010c PUSH 00000254 | STACK=[ 000a ]
010d LOAD | STACK=[ 000a 0254 ]
010e LOAD | STACK=[ 000a 00b9 ]
010f JFALSE 0000024d | STACK=[ 000a !0010 ]
0110 PUSH 00000054 | STACK=[ 000a !0010 ]
0111 XOR | STACK=[ 000a !0010 0054 ]
0112 PUSH 00000037 | STACK=[ 000a !0044 ]
0113 EQU | STACK=[ 000a !0044 0037 ] ; flag[0] ^ 0x54 == 0x37 ?
...
0121 LOAD | STACK=[ 000a 0254 ]
0122 LOAD | STACK=[ 000a 00ba ]
0123 JFALSE 0000024d | STACK=[ 000a !0011 ]
0124 PUSH 00000059 | STACK=[ 000a !0011 ]
0125 MUL | STACK=[ 000a !0011 0059 ]
0126 PUSH 000010b0 | STACK=[ 000a !05e9 ]
0127 EQU | STACK=[ 000a !05e9 10b0 ] ; flag[1] * 0x59 == 0x5E9 ?
...
01d5 LOAD | STACK=[ 000a 0254 ]
01d6 LOAD | STACK=[ 000a 00c3 ]
01d7 JFALSE 0000024d | STACK=[ 000a !001a ]
01d8 PUSH 00000030 | STACK=[ 000a !001a ]
01d9 DIV | STACK=[ 000a !001a 0030 ]
01da PUSH 00000001 | STACK=[ 000a !0000 ]
01db EQU | STACK=[ 000a !0000 0001 ] ; flag[10] / 0x30 == 1 ?
...
The various constraints on the flag are now easy to see. And the last constraint shown for the tenth byte explains why there is more than one valid flag, the division by 0x30 being satisfied by more than one value.
Conclusion
In this blogpost, we illustrated two different reverse engineering approaches on an obfuscated binary, using QBDI and TritonDSE, two open source tools developed and maintained by my amazing team.

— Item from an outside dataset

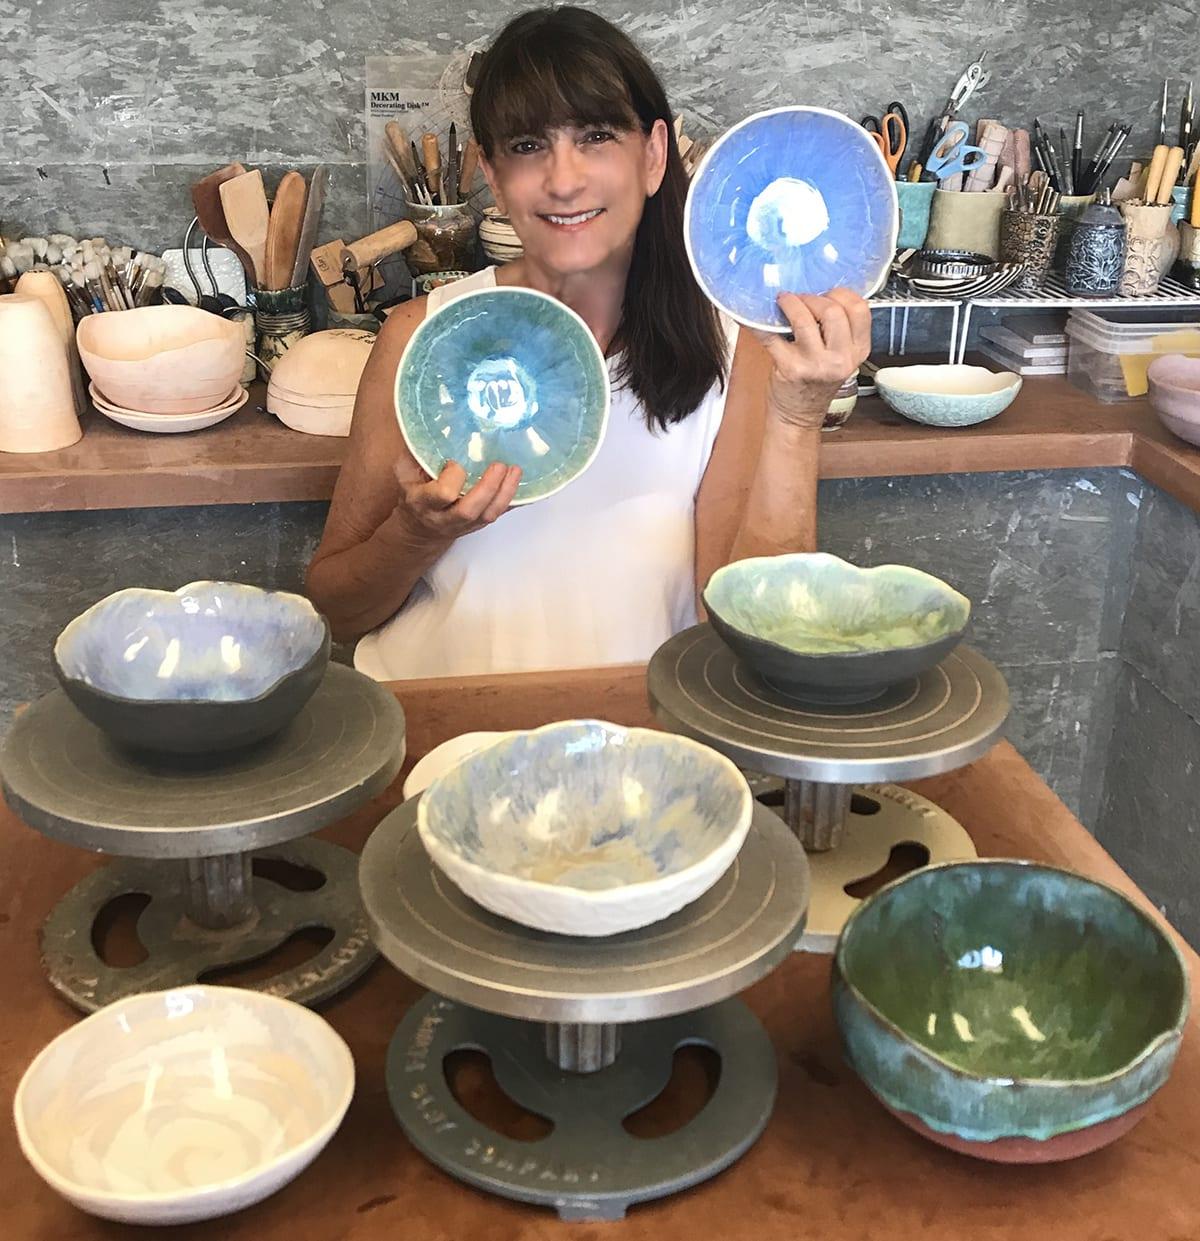 Ellen with Bowls
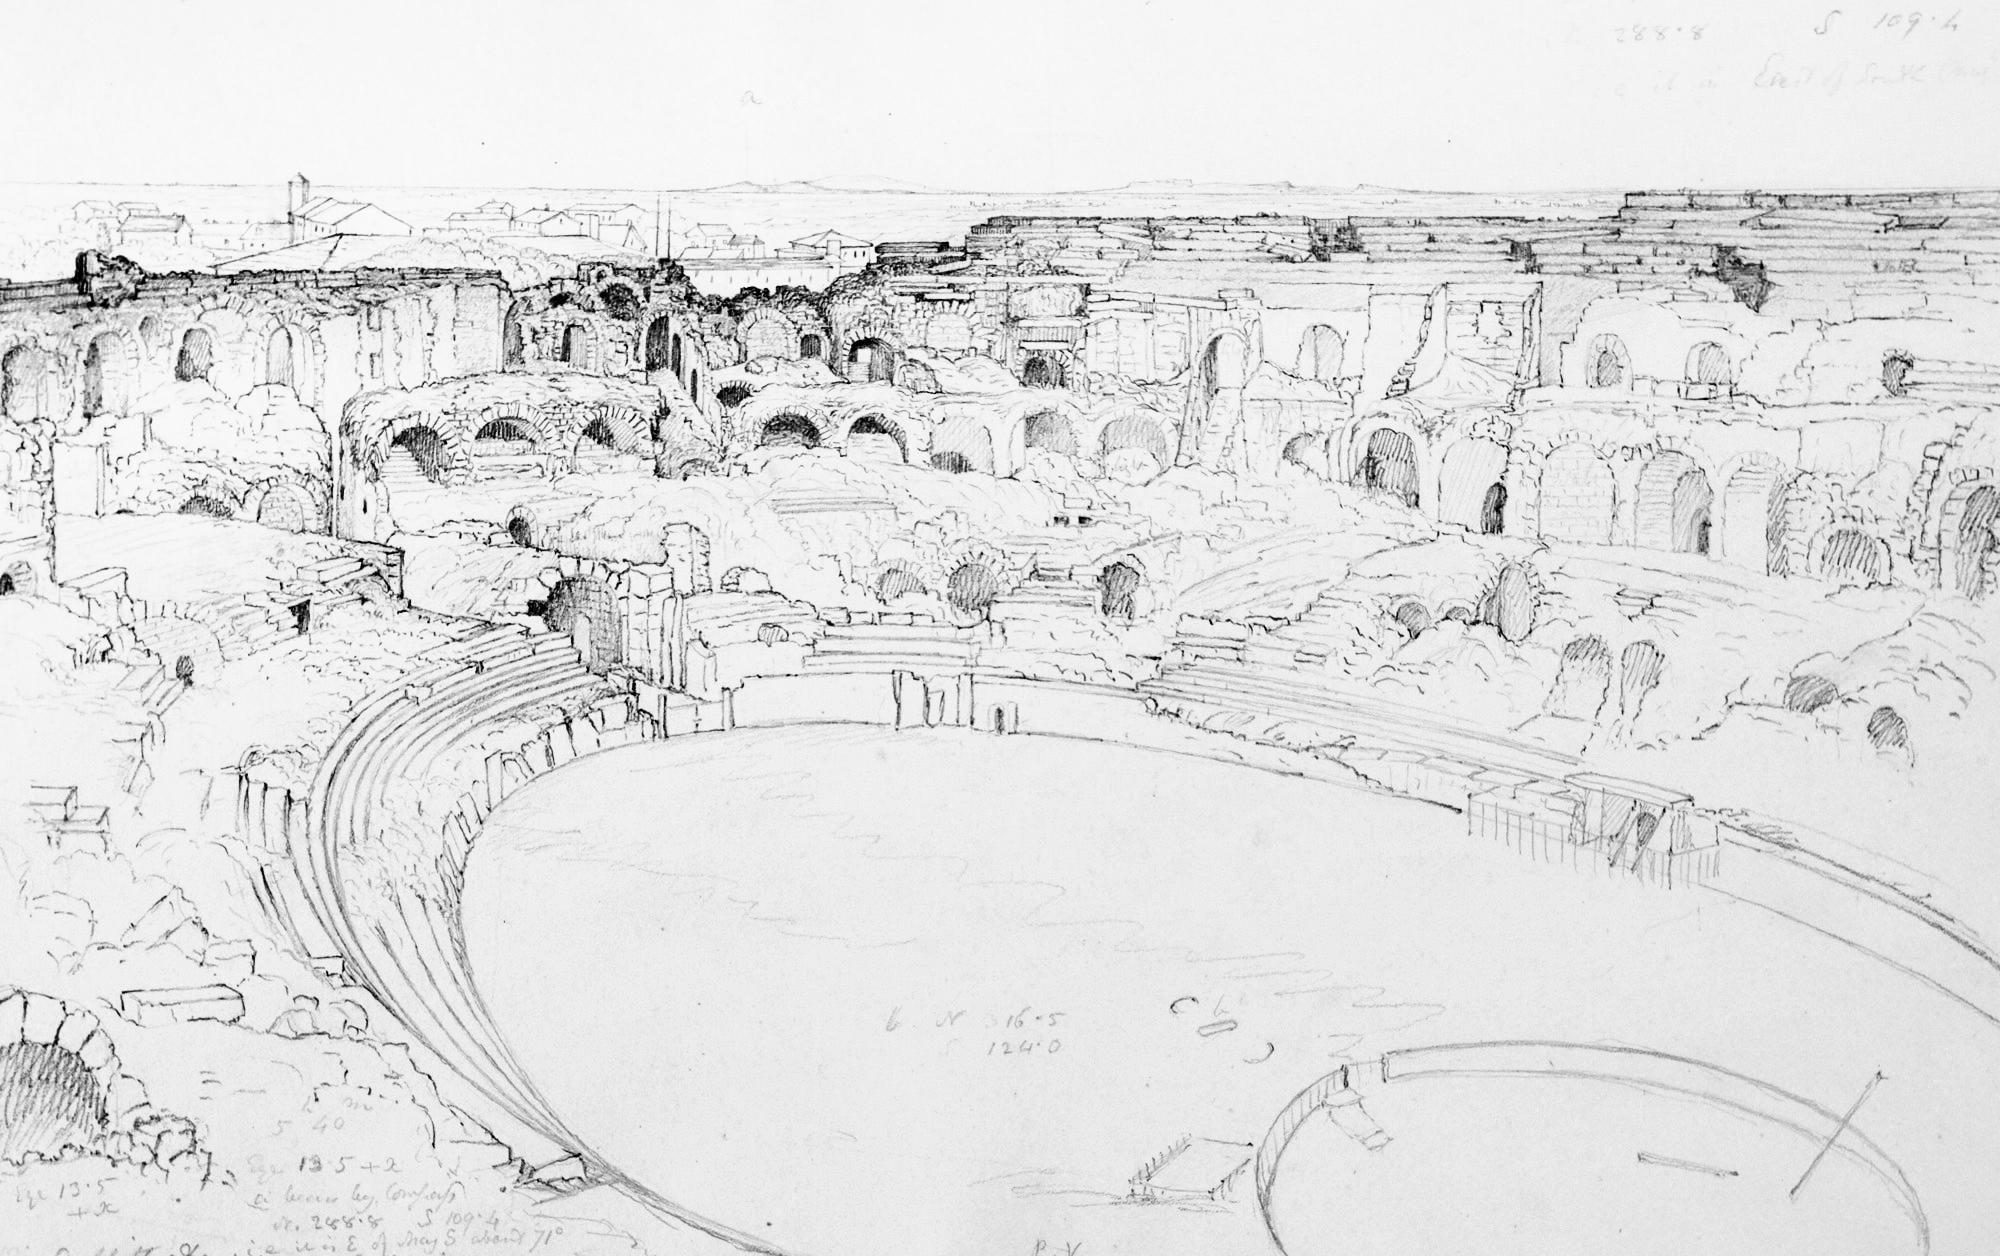 Sir John Herschel, Interior of the Amphitheater Nimes, Sept. 21, 1850

In this specific usecase, using TritonDSE and symbolic execution allowed us to quickly extract meaningful constraints, with minimal effort, allowing us to solve the challenge in under a minute. On the other hand, using QBDI demonstrated a more pragmatic, black-box approach. Even without fully understanding the VM internals, we exploited an observable side effect to recover the flag through brute force. While slower, this method remains robust and often easier to implement under time pressure, especially when dealing with VM.
Beyond solving a challenge, the goal of this post was to provide concrete and reproducible examples of how our tools can be used in real-world reverse engineering scenarios. Whether it is for symbolic reasoning, emulation from snapshots, or lightweight instrumentation, both TritonDSE and QBDI offer powerful capabilities that are worth integrating into your toolbox. Hopefully, this walk-through gives you a solid starting point to experiment with these techniques on your own targets.